Substation transformers are equipped with OLTC with ±8 tap increments of 1.875%. The tap mechanical delay is 2 s, the time to first tap change is 20 s and the maximum delay time of the subsequent tap changes is 15 s with an inverse time law. An agent is associated to the bus at the secondary side of the substation transformer.
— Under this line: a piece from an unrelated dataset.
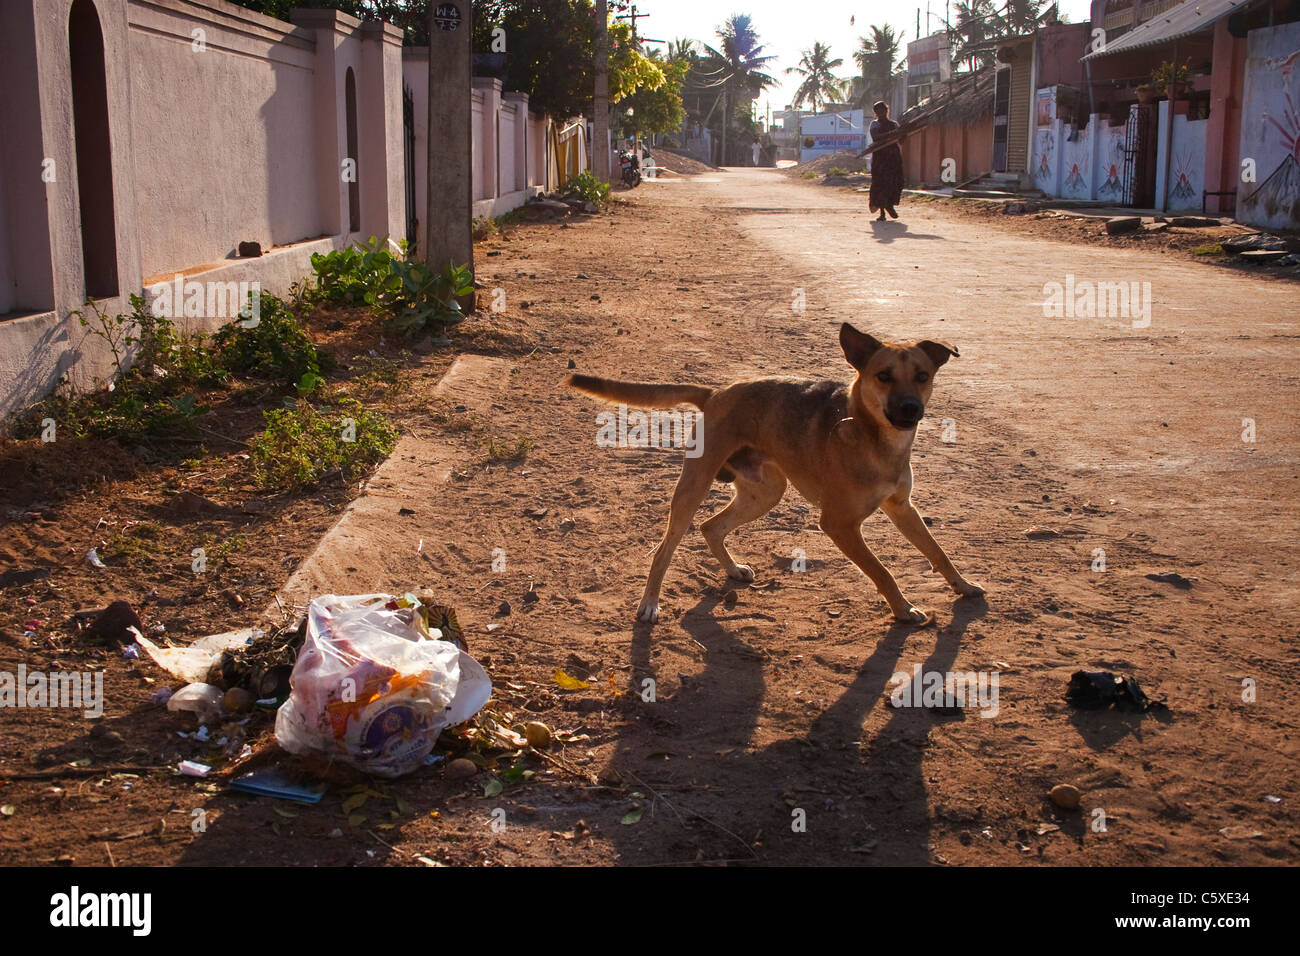 A stray dog scavenging in rubbish on an Indian street Stock Photo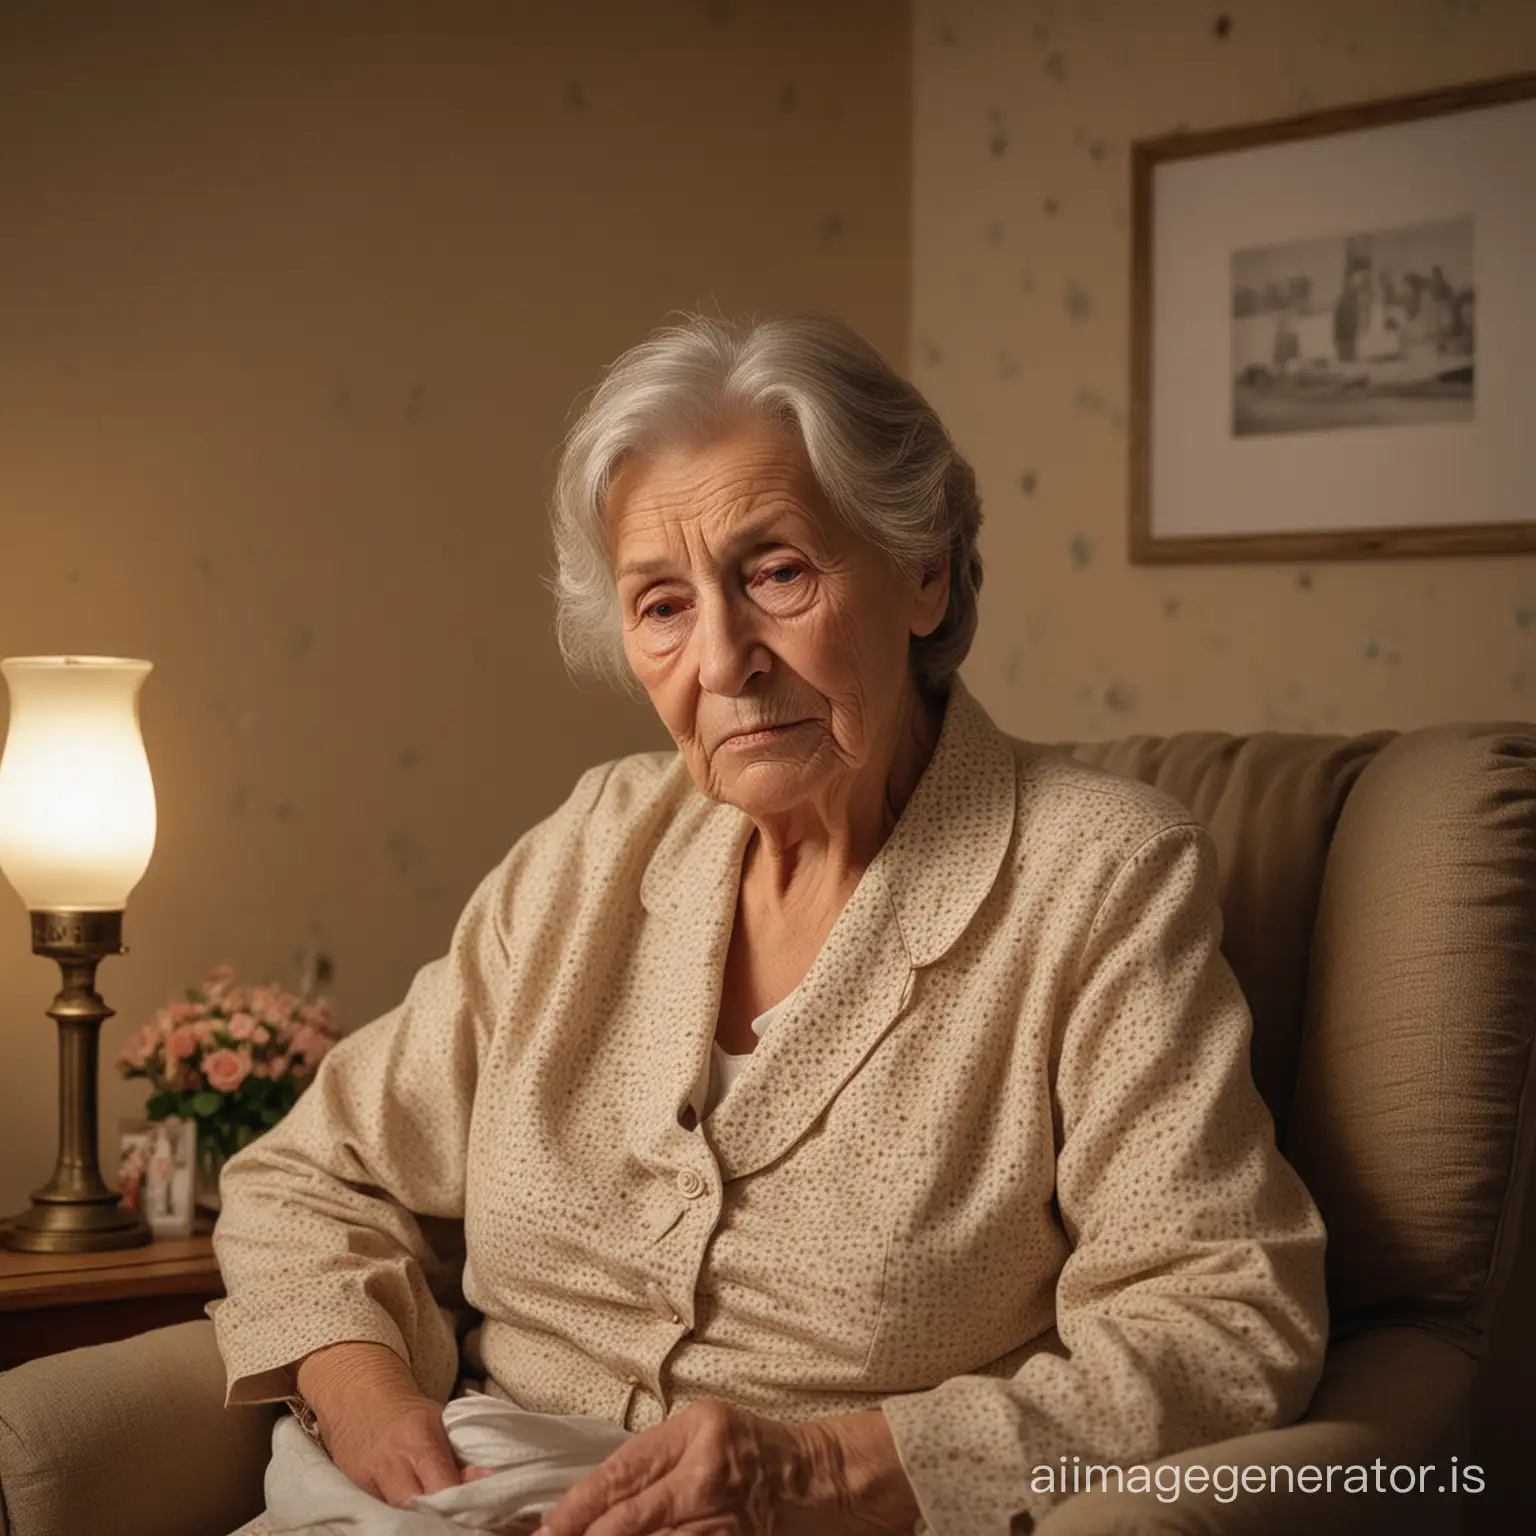 Photograph of an elderly woman who is sad looking at a photograph she holds in her hand sitting in an armchair in a bedroom, which has very little illumination

It participates to the regulation cycles of the VVC procedure but it does not directly adjust the output of any compensator.
image
Figure 2.6 TF2.
Power feeder in black and communication network in gray (red in the web version): (a) wired communication, (b) cellular communication [solid gray (red in the web version) lines represent wired channels, dotted gray (red in the web version) lines represent UMTS channels].
In TF2, the voltage regulator located between bus 160 and 67 has an OLTC with ±16 tap increments of 0.625%. The time to first change and the maximum time of subsequent changes inverse-law delay of are both 10 s and the mechanical delay is 2 s. The reactive power compensator connected to bus 67 participates to the MAS procedure only when the OLTC between bus 160 and 67 is not operating. When the OLTC is in operation, the agent set is divided into two independent groups: one relevant to the agents associated to nodes {149,13,28,47} and the other including the agents associated to nodes {67,87,108}. At each compensation cycle, both agent h and agent k must belong to the same group.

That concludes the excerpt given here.